Aggregation

[Blog Map]  [Table of Contents]  [Next Topic]

There are many times when composing queries that you have to do aggregation. There are a number of built-in aggregators:

This blog is inactive.
New blog: EricWhite.com/blog

Blog TOC·         Count

·         LongCount

·         Sum

·         Min

·         Max

·         Average

·         Aggregate

Aggregators are extension methods that operate on IEnumerable<T>, and return some type T (or U) that is not a collection.  Another way to say it: aggregation is the process of taking a collection and making a singleton.  Using the Sum aggregate extension method can be as simple as:

int[] ia = { 1, 5, 2, 6, 7 };
Console.WriteLine(ia.Sum());

The Aggregate operator is a general purpose aggregator.  You can use it to sum an array, concatenate a bunch of strings, or anything else where you need to take a collection and reduce it to a single type.  It has a couple of different forms.  If you want to use it to aggregate a collection of some type T into a single T, you can use it like this:

int[] ia = { 1, 5, 2, 6, 7 };
Console.WriteLine(ia.Aggregate((a, i) => a += i));

This does the same thing as Sum.

There is another overload of the Aggregate extension method that allows you to specify a seed for the aggregation - in other words, to provide an initial value for aggregation.  The following code shows setting the seed to zero: 

int[] ia = { 1, 5, 2, 6, 7 };
Console.WriteLine(ia.Aggregate(0, (a, i) => a += i));

This will produce the same results as the previous example.  

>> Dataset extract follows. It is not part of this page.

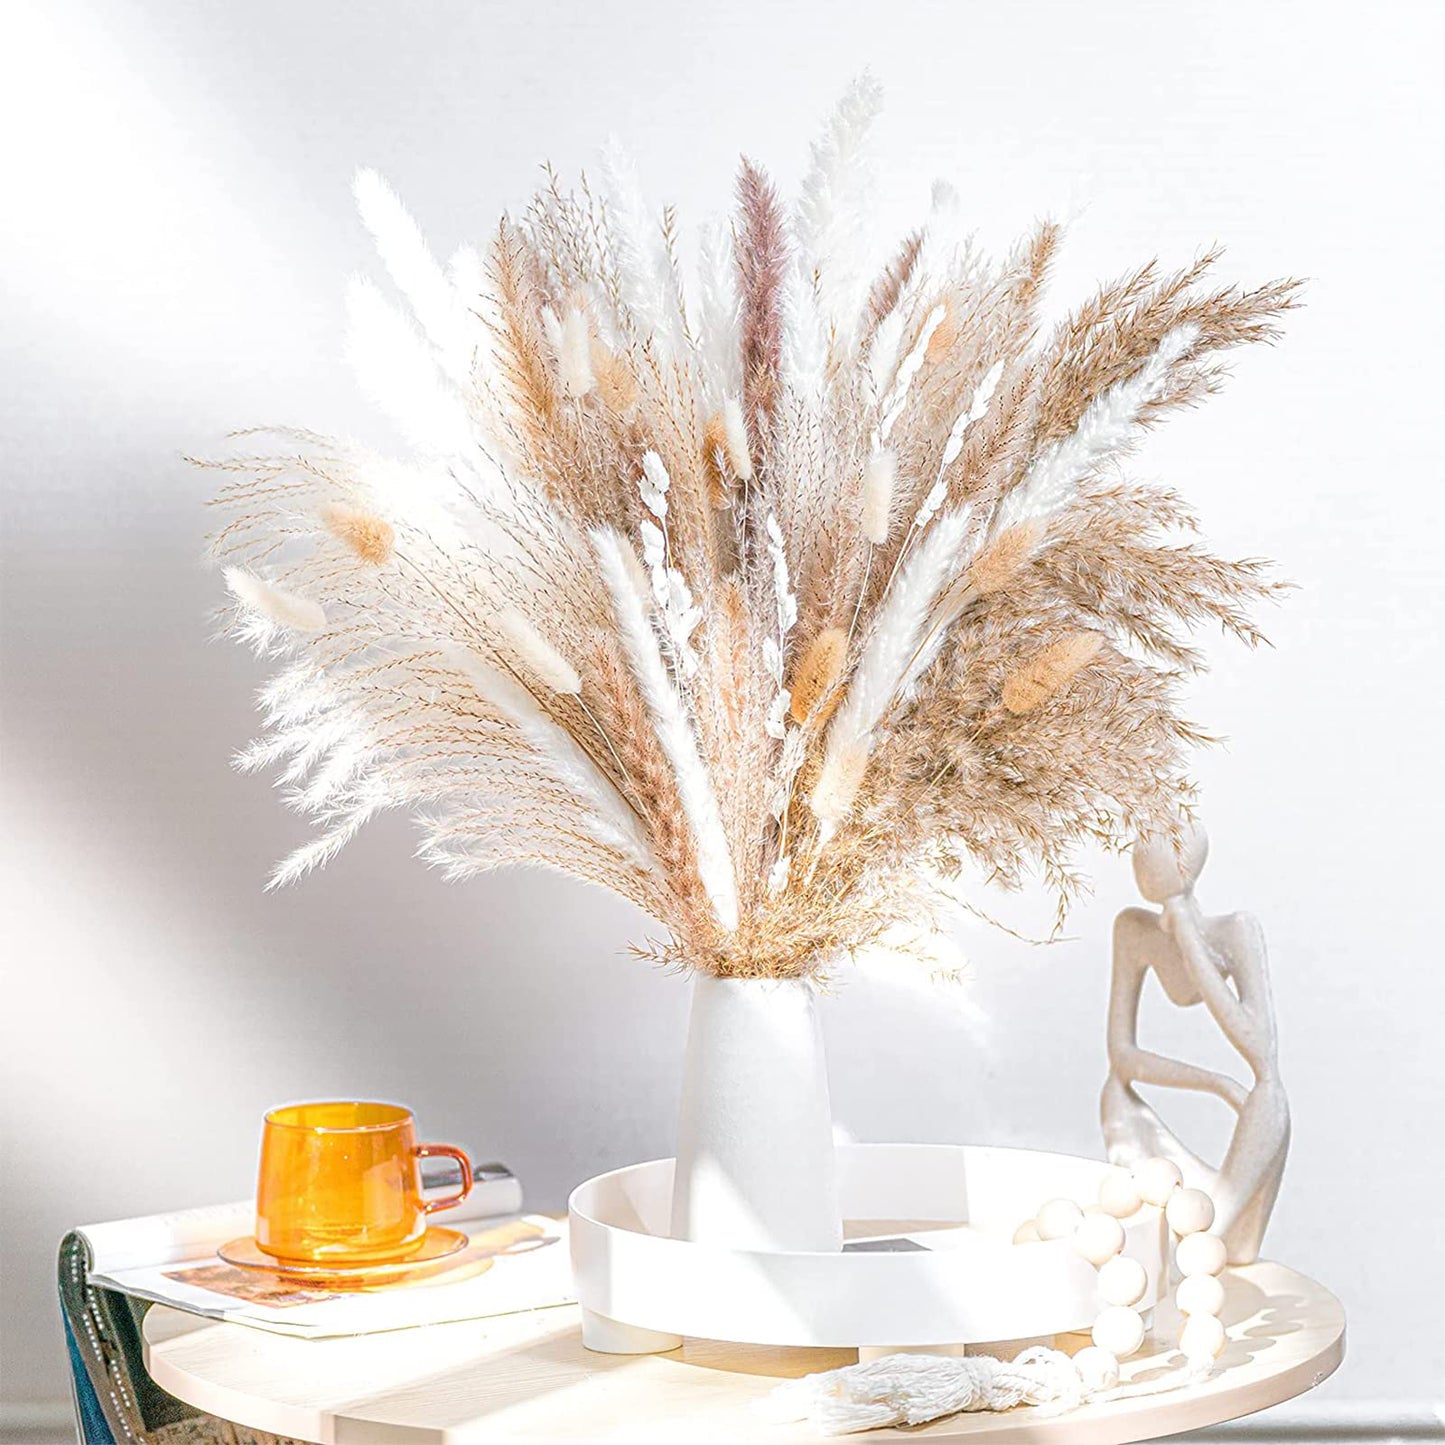 XBLDS Natural Pampas Grass - 60 Pieces. Pampas Grass Large 45 CM, Dried Flowers Bouquet for Vases, Wedding Decorations & Home Decor. Fluffy Pampas Grass Ideal for Outdoor & Indoor Decorations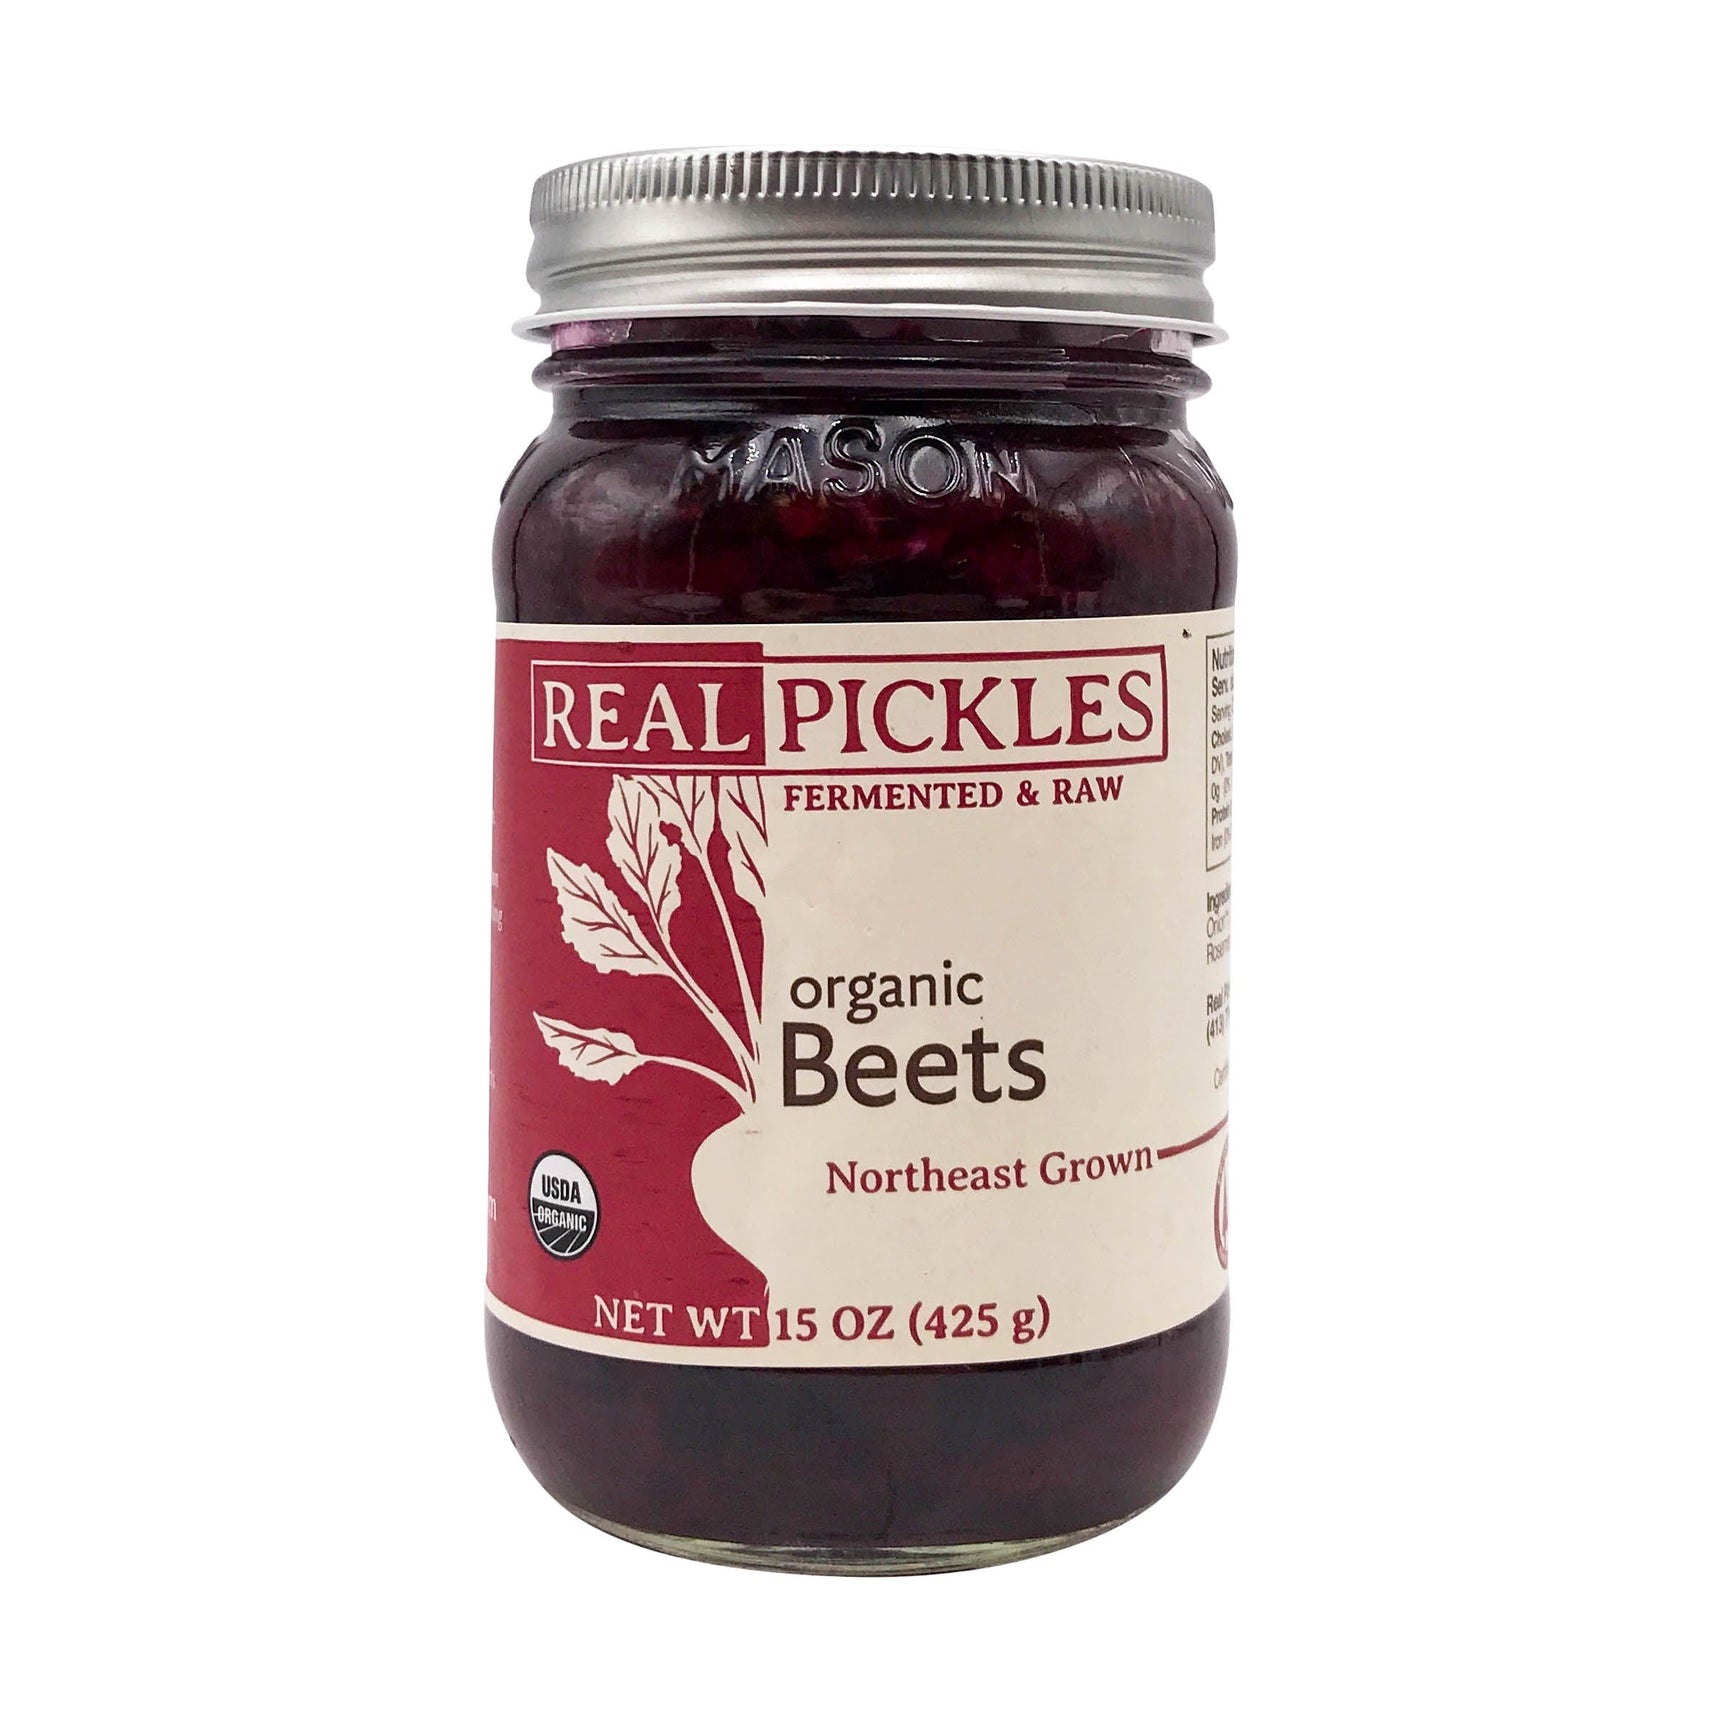 Real Pickles: Organic Beets

To use the Aggregate operator to concatenate strings, you could do this:

string[] ia = { "aaa", "bbb", "ccc" };
Console.WriteLine(ia.Aggregate((a, i) => a += i));

The observant will notice that this use of Aggregate creates a new short-lived string object on the heap for every item in the collection.

You can use Aggregate in combination with the StringBuilder class, as follows:

string[] ia = { "aaa", "bbb", "ccc" };
Console.WriteLine(
ia.Aggregate(
new StringBuilder(),
(sb, i) => sb.Append(i),
sb => sb.ToString()
)
);

This example uses an overload of the Aggregate extension method that allows you to set the seed (where it news up the StringBuilder, and to specify another lambda expression that projects the results of the aggregation).  In this case, the projection is to convert the StringBuilder to a string.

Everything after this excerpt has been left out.